* **STORED DATA**
==========

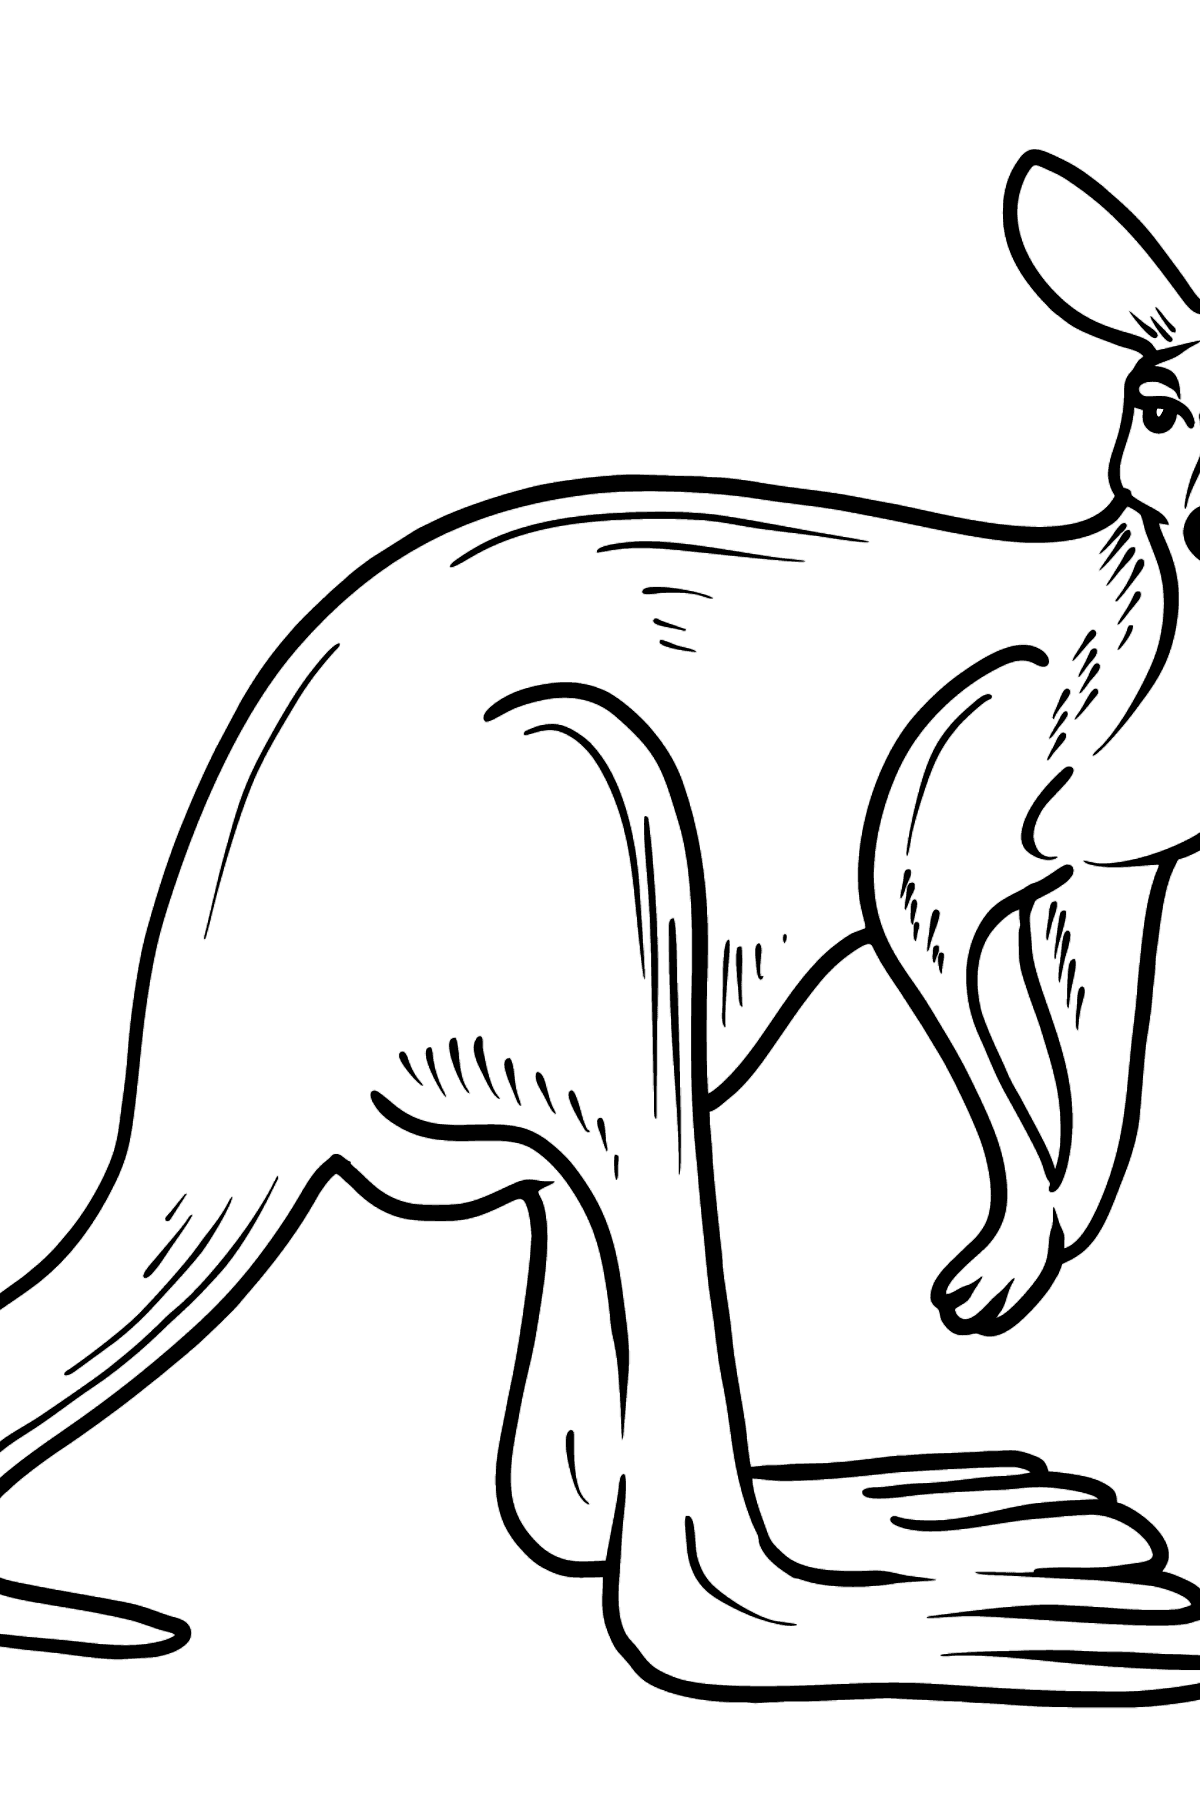 Tegning til farvning kænguru - Tegninger til farvelægning for børn
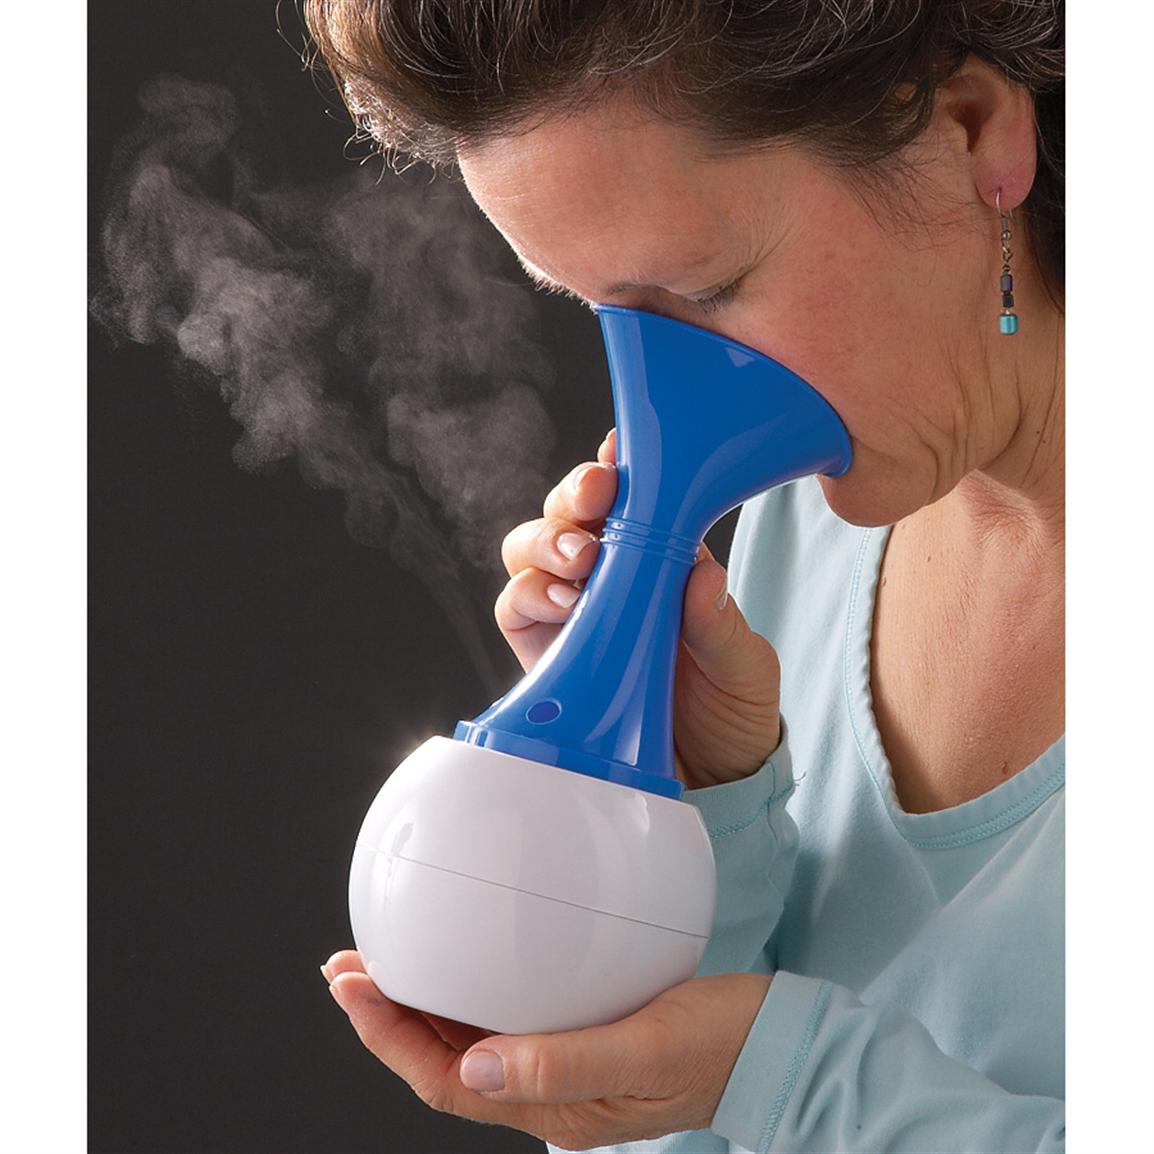 Steam inhaler blocked nose
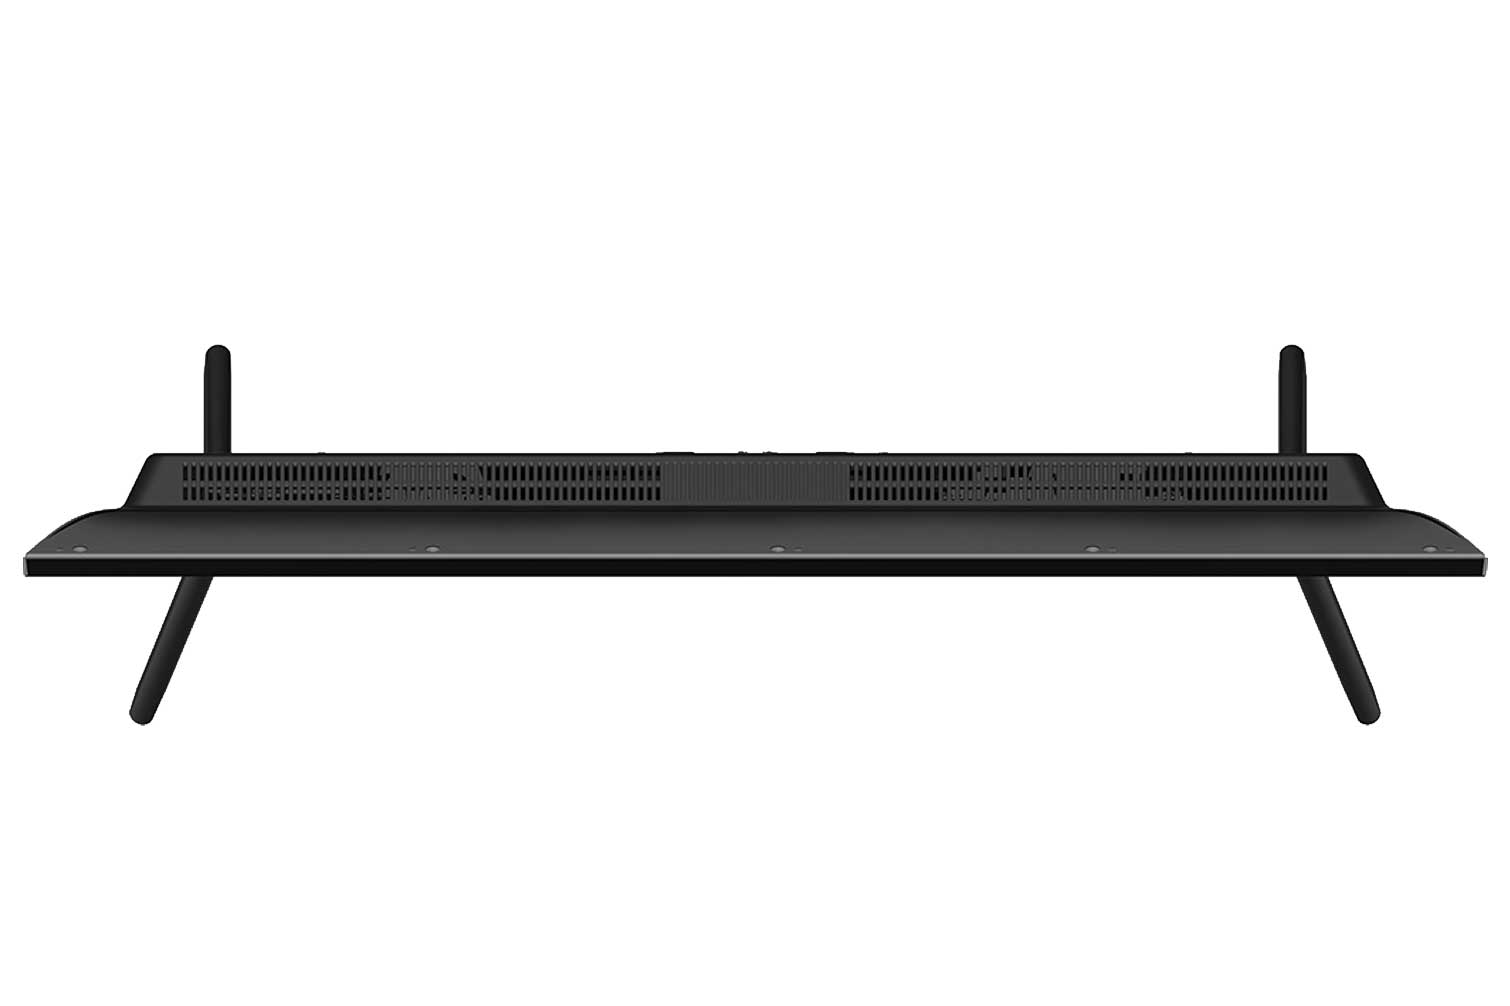 Smart Tivi Sharp 42 inch 2T-C42BG1X Android 9.0 - Hàng chính hãng

==========

* **TRY IT**
All of the material above must be given again verbatim, except for the pictures.

* **SOLUTION TO THE EXERCISE**
 Tegning til farvning kænguru - Tegninger til farvelægning for børn
 Steam inhaler blocked nose
 Smart Tivi Sharp 42 inch 2T-C42BG1X Android 9.0 - Hàng chính hãng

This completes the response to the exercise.